Evidentemente, estamos hablando de una función que tienen los medios de comuncación a partir de comienzos del siglo XIX, si no antes. De tal forma que si no hay -por lo general- sacrificios humanos como espectáculo público dentro de la experiencia sedentaria propiamente civilizada y contemporánea, una de las razones (pero no la más importante) es que los medios de comunicación realizan esa misma función: la de acercarnos homeostáticamente a la violencia; es decir, a través de la vivencia metabólica y vicaria mas no de una manera directamente física; o eso al menos respecto el gran numero de seres humanos que componen, por ejemplo, las audiencias televisivas y periodísticas en general–aunque, inexorablemente, alguien tiene que padecerla propiamente in corpore, para que así cobre valor -es decir, sentido– sensoriometabólico para los demás (pues así de susceptibles somos moralmente respecto a, simplemente, la figura humana y sus aflicciones)–. Sin embargo, la comparación numérica entre, digamos, los participantes corporales directos y los milliones de espectadores sensoriometabólicos repartidos potencialmente por todo el planeta que gozan de esta seriedad moral coreografiada ante nosotros, no admite duda respecto a la importancia estructural-antropológica que está en juego.

La otra razón por la que no sigue habiendo sacrificios humanos es el hecho de que la viabiliad estructural de lo sedentario, que se basa en una obligada y aumentada interactuación humana, acaba profundizando la psique en su vertiente cultural como parte de un proceso de verdadera elevación espiritual-ética que parece ser heredad exclusiva de los procesos civilizatorios y la urbanización asimismo implícta en ellos.
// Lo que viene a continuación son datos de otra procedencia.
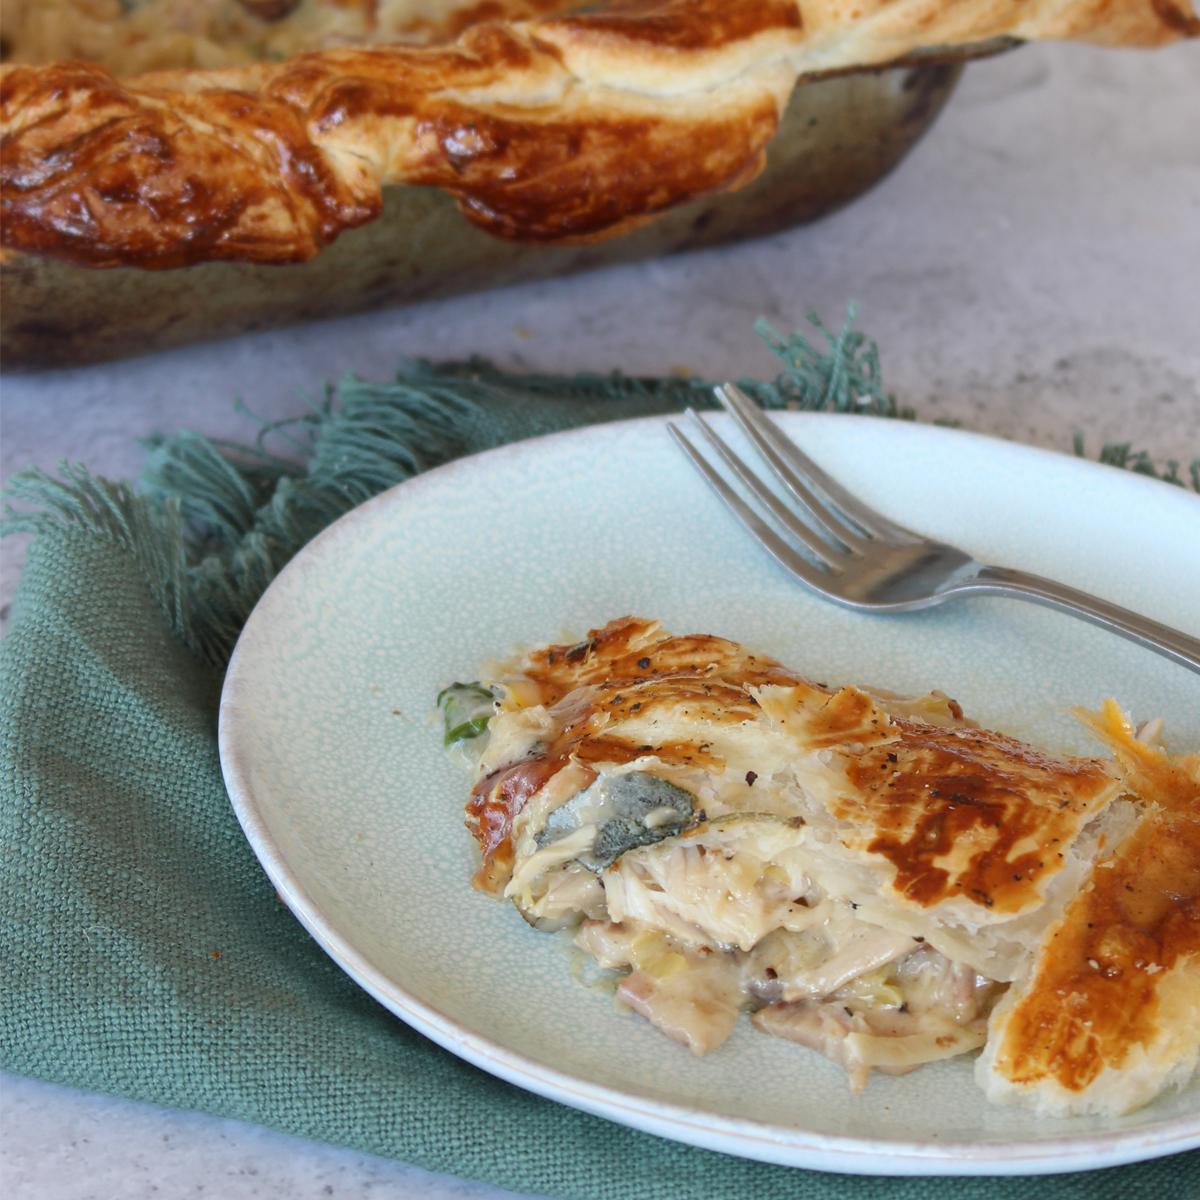 Pork Pot Pie - Tenderloin

Es decir, la violencia cruenta respecto entornos sociales inmediatos se hace cada vez menos tolerable por cuanto la impronta dolorosa que conlleva su contemplación en extremo sobrepasa el limíte de la viabilidad urbana y su dependencia estrctural en la comunicación entre personas. Por otra parte, los contextos sedentarios son deudores de la monopolización de la violencia por parte de un única fuente de legitimidad política (o bien, una limitada rivalidad respecto la misma), lo que obliga cada vez más a un control -y hasta una adminstración– respecto otros fenómenos violentos no autorizados o de alguna manera no provistas.
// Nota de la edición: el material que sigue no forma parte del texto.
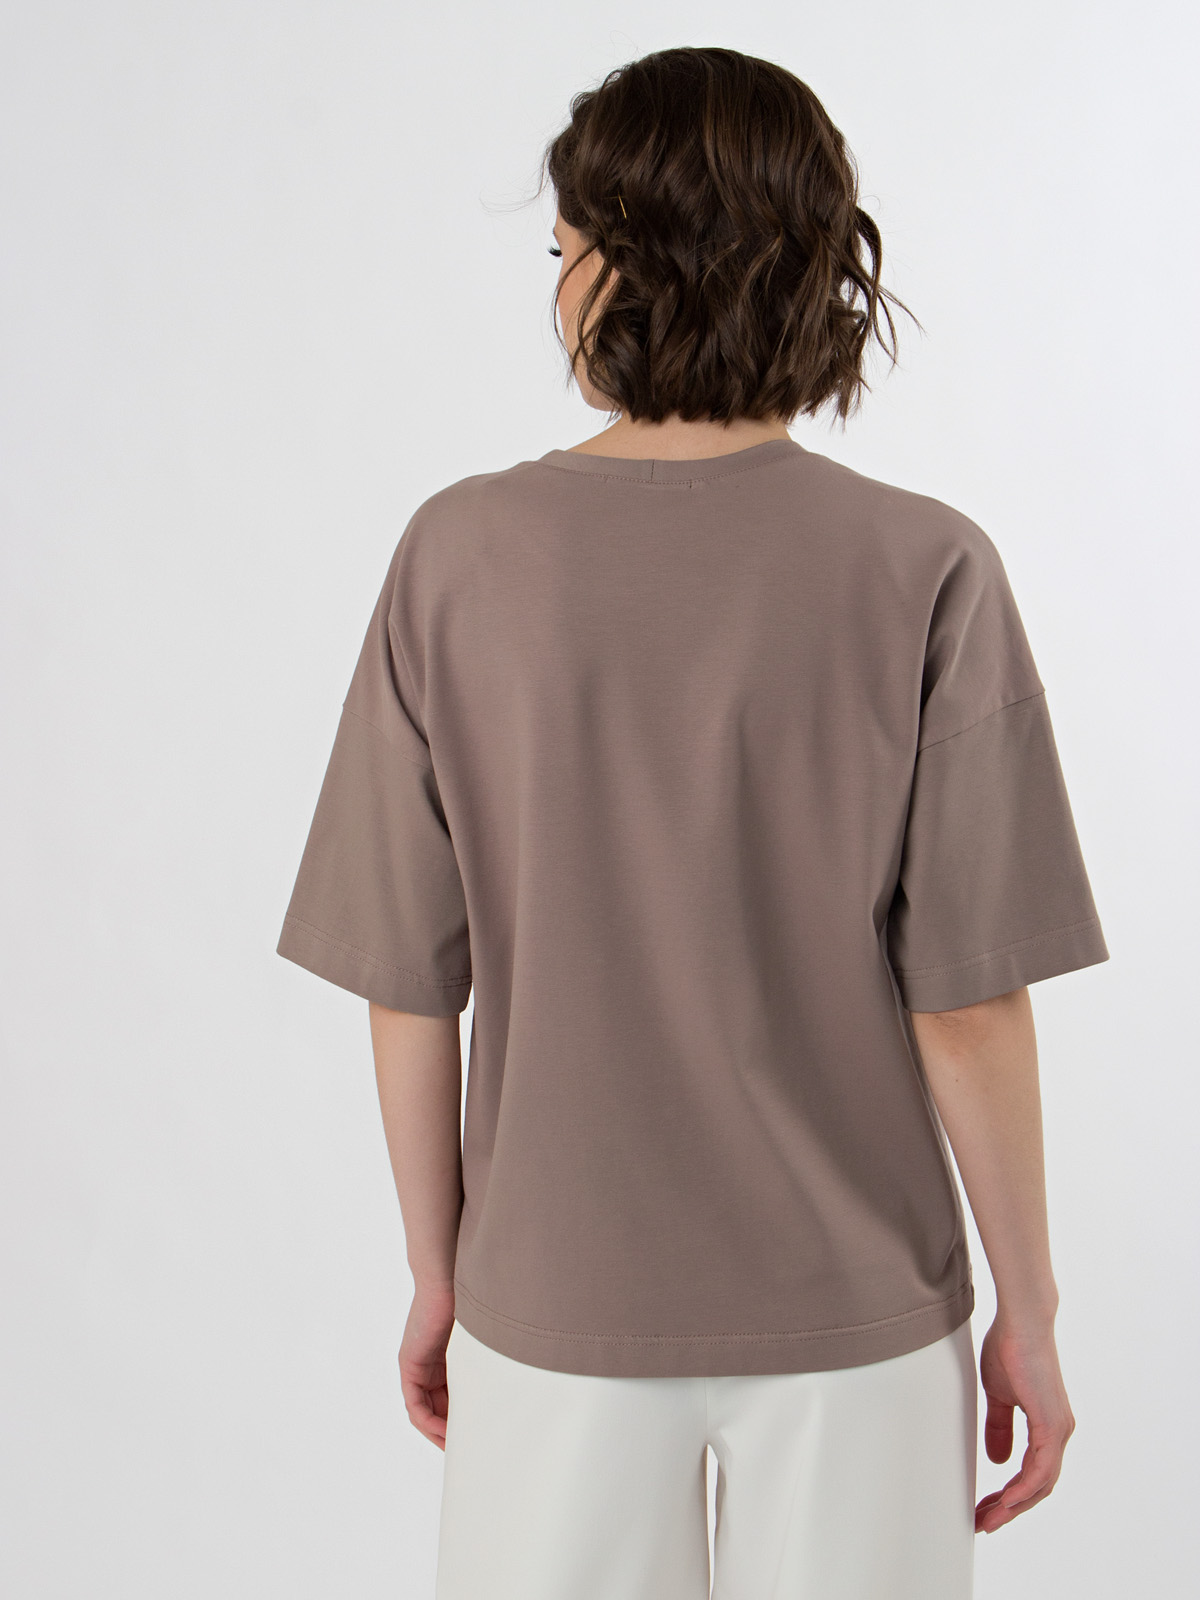 футболка 1728

El dolor que nos puede provocar la contemplación del sufrimiento y aflicciones humanos es ambivalente, siendo a un mismo tiempo una forma de alimento sensoriometabólico reforzante de lo racional en sí, a la vez que supone un pontencial fuerza de anomia en su forma más extremada. Así, es el dolor que alimenta la razón recobrada que busca, por tanto, reconstituirse preferiblmente sobre sostenes semióticos cada vez más desarrollados para, así, soslayar los confrontanción directa entre los cuerpos: así se podría entender una mecánica fisioantropológica de lo sedentario que, como constante, se ha mantenido a lo largo de los milenios -y a través de algunas regresiones pasajeras- hasta el día de hoy, y pese a los cambios tecnológicos (o, en realidad, sirviéndose de ellos).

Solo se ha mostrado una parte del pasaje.